- _DATASET CONTENT_
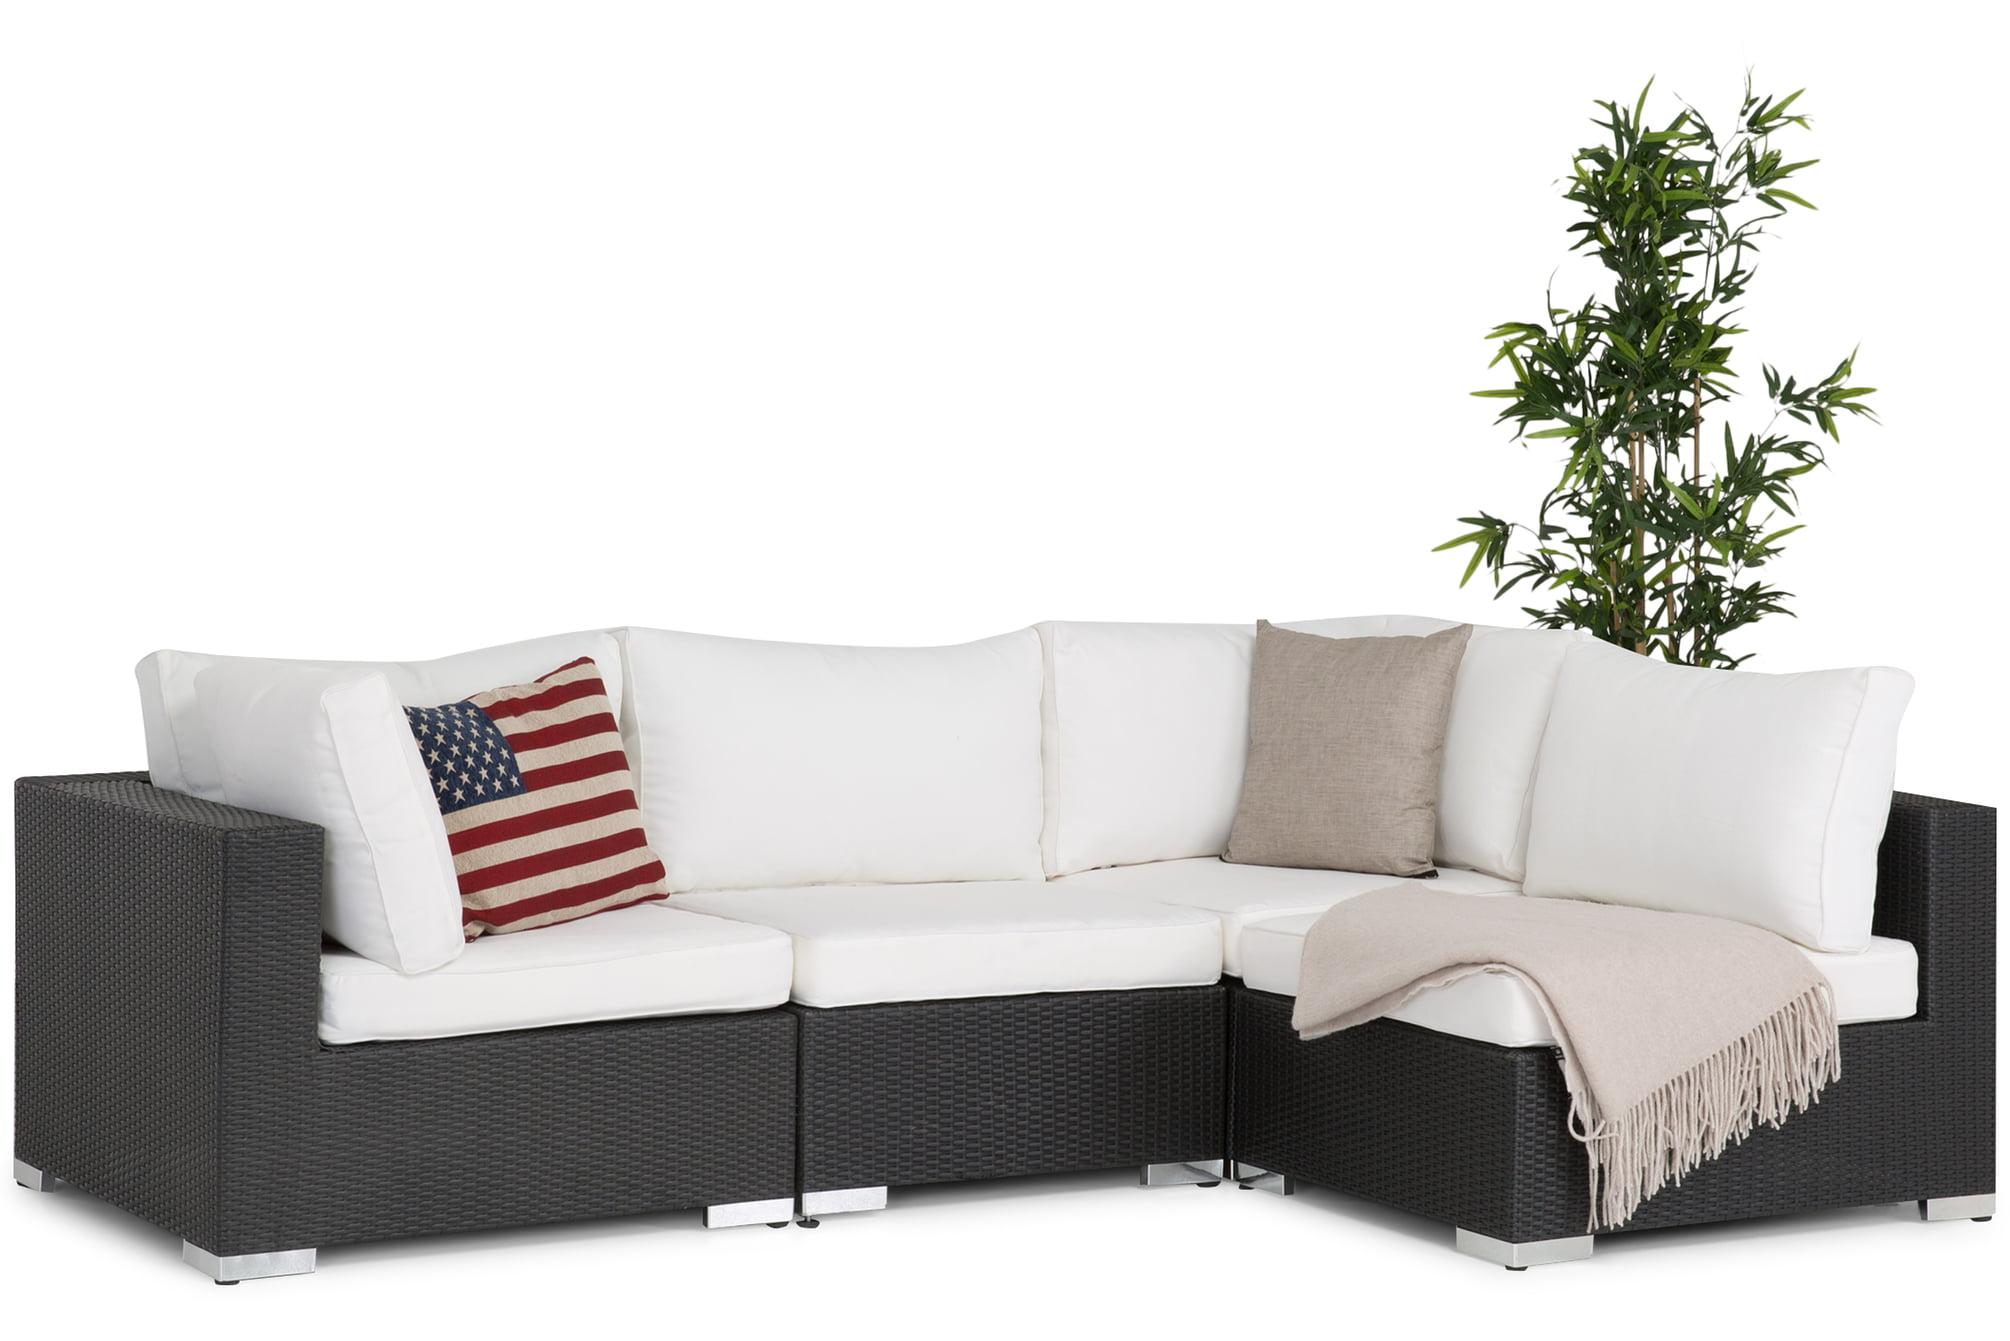 Billig loungesoffa, svart, modern och snygg!
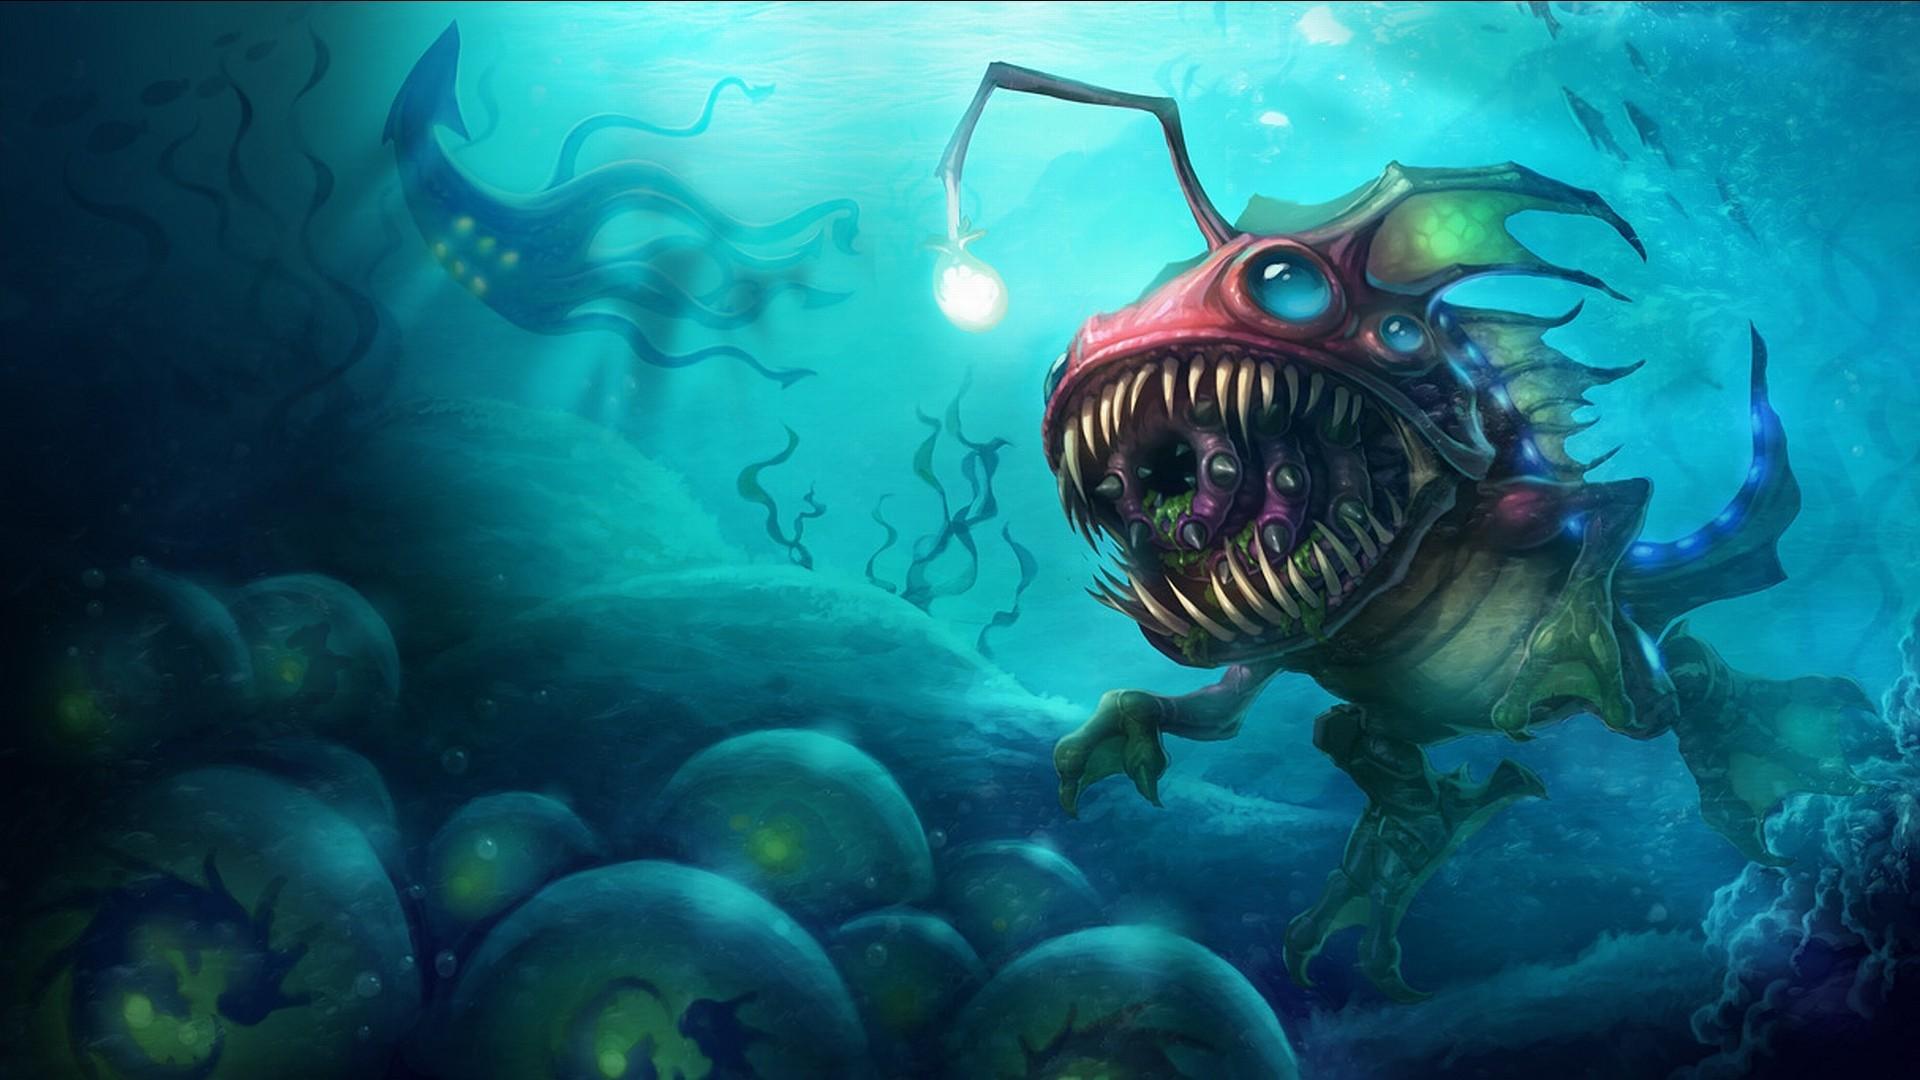 Sea Monster Wallpaper HD :Find best latest Sea Monster Wallpaper HD for  your PC desktop
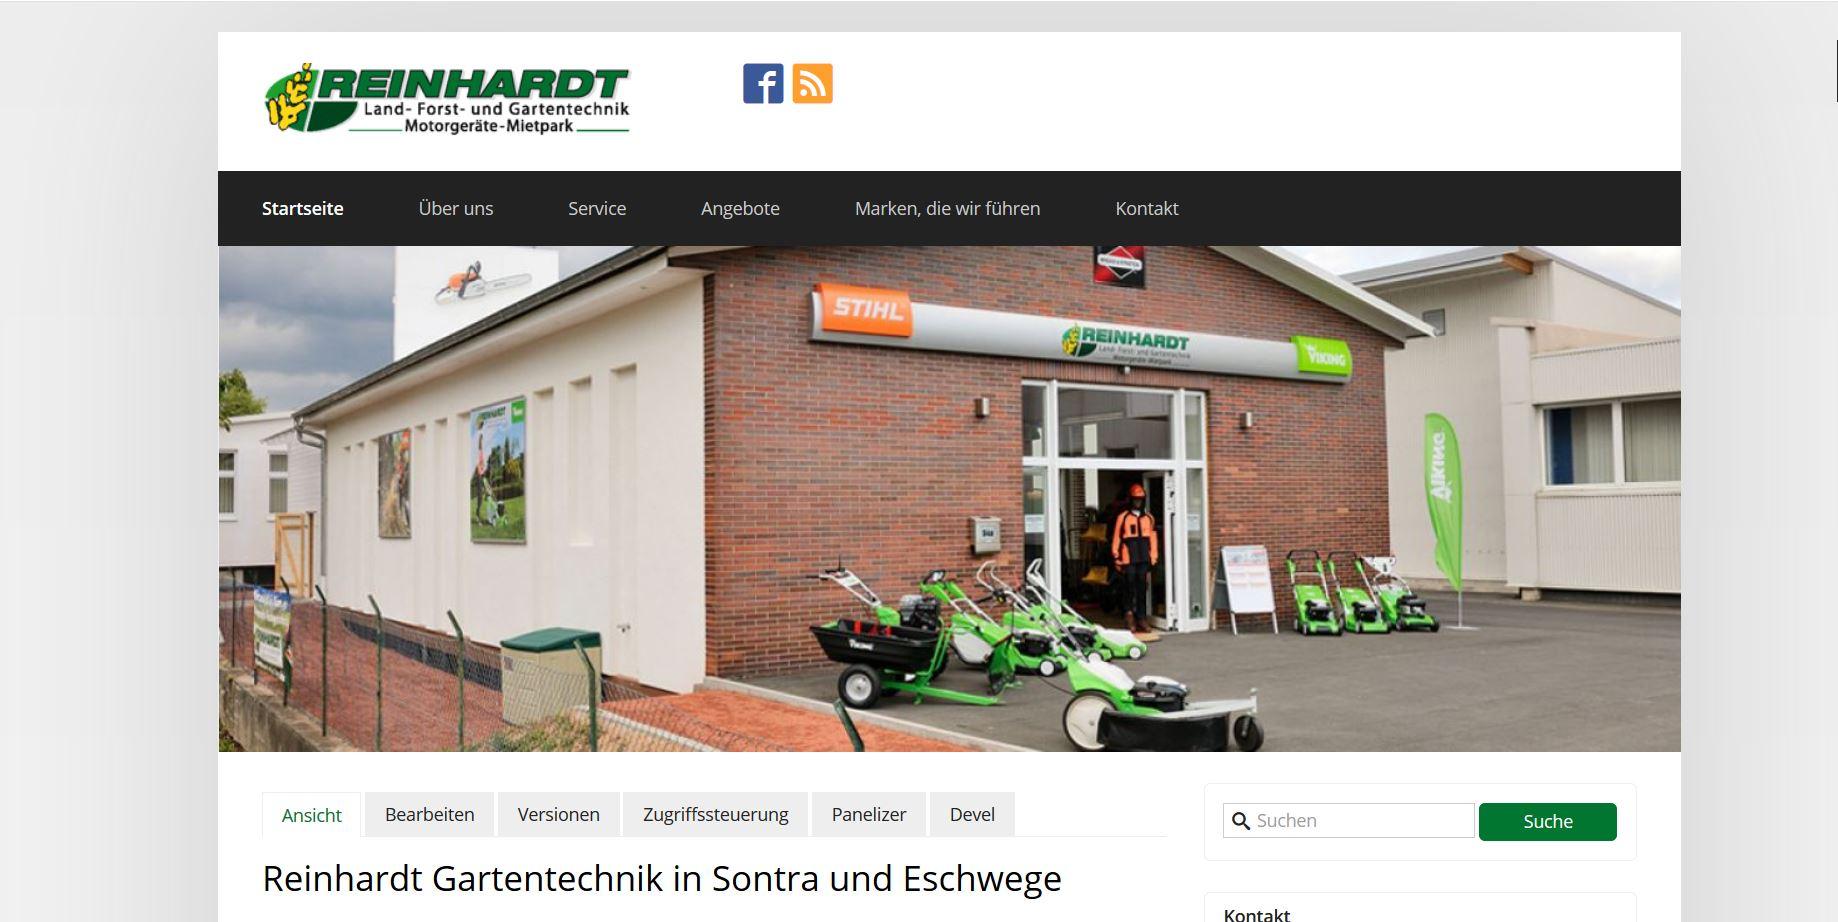 reinhardt-gartentechnik.de Homepage
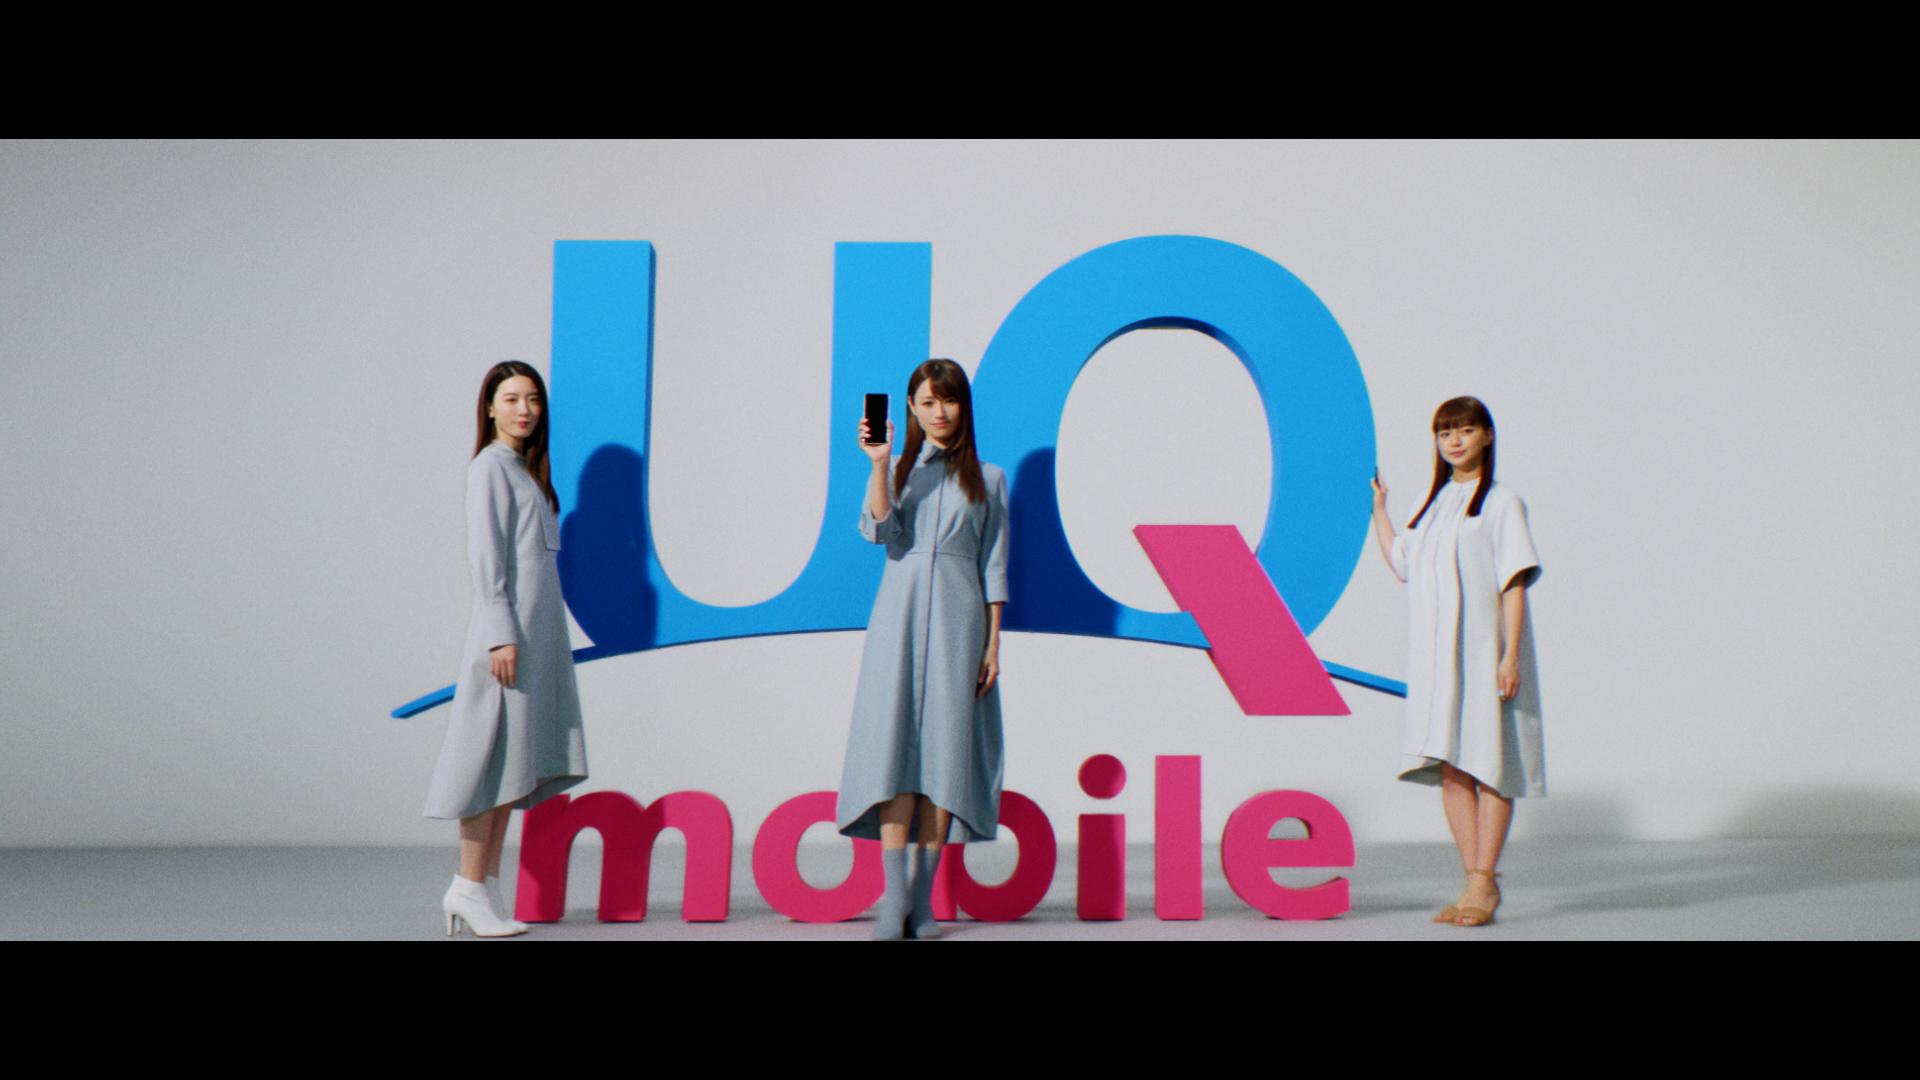 UQ mobile 「歩く人 抽象空間」篇

- _PROBLEM REQUIREMENTS_
What you need to retype is every line from the one that has "Sea Monster Wallpaper HD :Find" through the last line of the listing, both included, with the pictures left out.

- _SOLUTION TO THE PROBLEM_
 Sea Monster Wallpaper HD :Find best latest Sea Monster Wallpaper HD for  your PC desktop
 reinhardt-gartentechnik.de Homepage
 UQ mobile 「歩く人 抽象空間」篇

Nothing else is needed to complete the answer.